Yes, I certainly can.
Immigration is very important labour for our country, but the reality is that we are out in the rural areas, where there isn't public transportation, and very often immigrants are going into the large centres where there are vibrant immigrant communities that support them and can give them all the supports they need.
Therefore, it's very difficult to have them come out to the farm. I have done this; I've supplied work for farms. Very often the people you get are ones who have their very first jobs, who have never worked before, and we can provide some of them with a reference when they're finished. But there just aren't enough of them who are even interested in trying that. We are very much reliant on the temporary foreign workers who come in from other countries. In particular, in horticulture, we tend to use SAWP, which is a stand-alone program that is very well regulated and the contracts are done with the sending countries, so those countries know exactly what their citizens are walking into.
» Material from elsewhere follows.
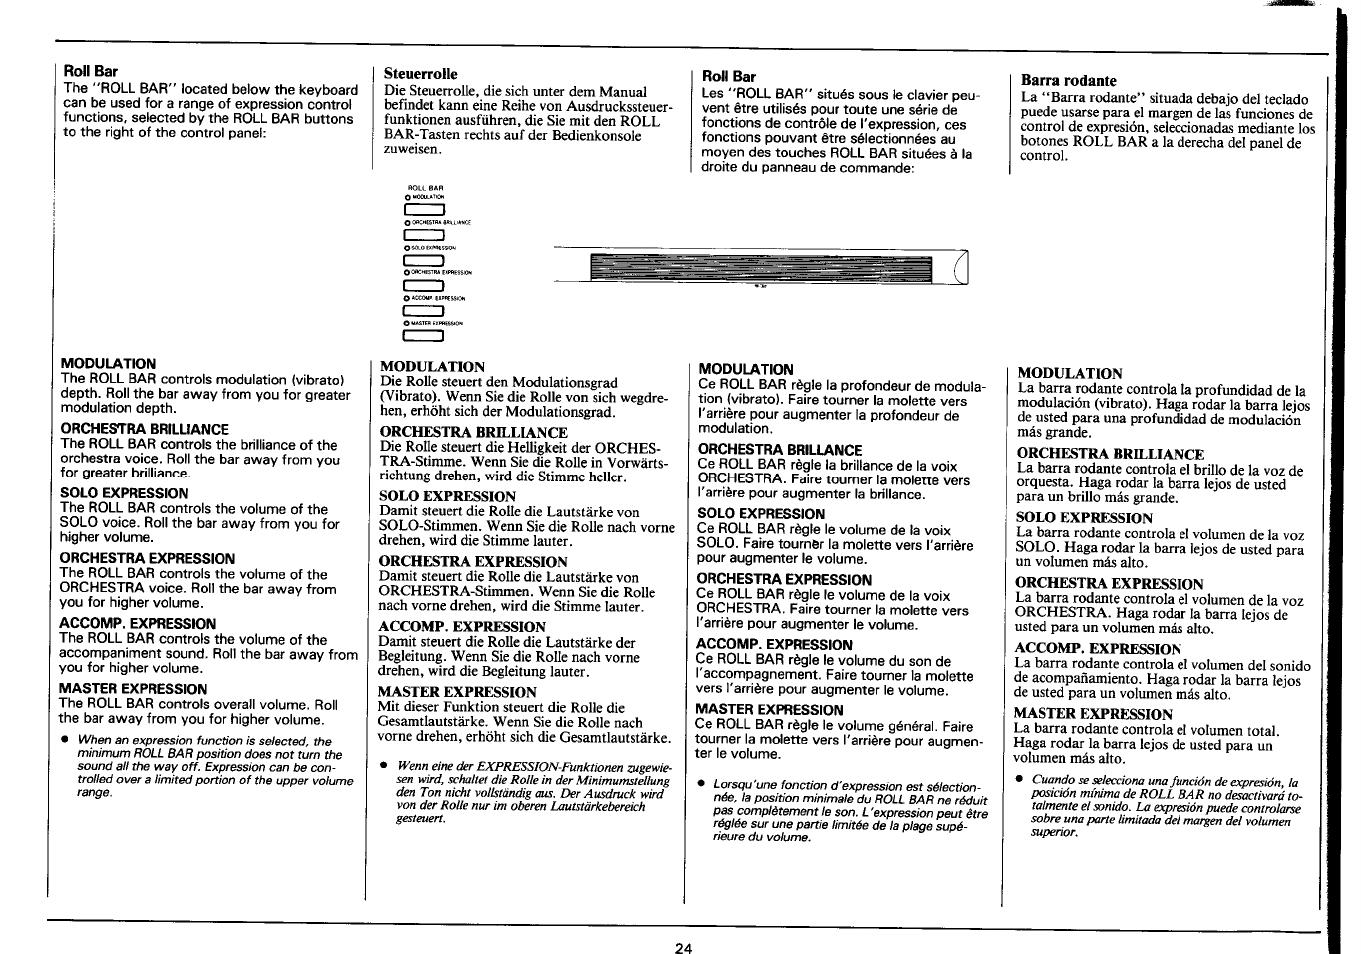 4500 Owners Manual Jayco Skylark Fuse Box Location Array Roll Bar Steuerrolle Yamaha Psr User Page 26 48 Rh Manualsdir Com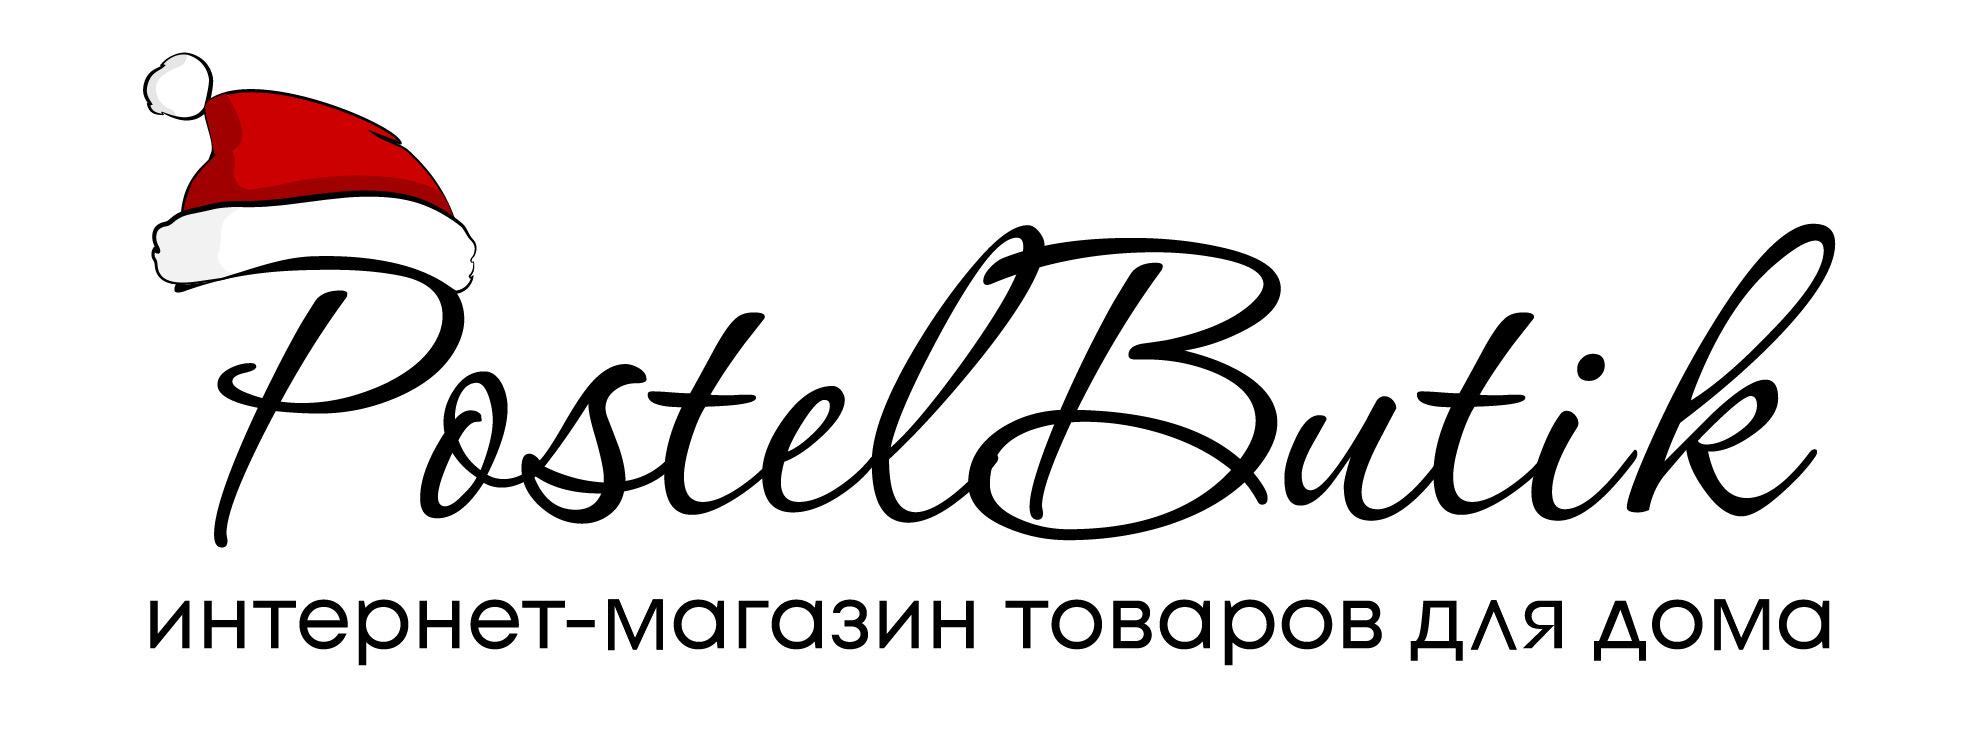 Постель Бутик

They're long and ongoing programs that have been with us for 50 years. We are well familiar with these workers; many of them come back year after year. If there is a position that opens that we cannot fill and that becomes a year-round position, very often we will go to those employees and see if we can help them immigrate to fill those positions. But the reality is that on my farm, I start harvesting asparagus in May and I finish harvesting carrots and broccoli and squash in October, and that's it. Canadians, rightfully, would like a job that will pay the bills year-round. There is nothing wrong with that, except that it leaves us looking for someone to do a job in a time frame when there is no one available.
Some people have suggested students and that kind of thing, but it also doesn't doesn't encompass the time frame, May to October, for any of the school years that are encompassed. It does mean that we go looking outside of our sources. Certainly, here on our farm, we've been using the SAWP program since the early 1980s, so there's been a demonstrable lack of local labour for 40-plus years.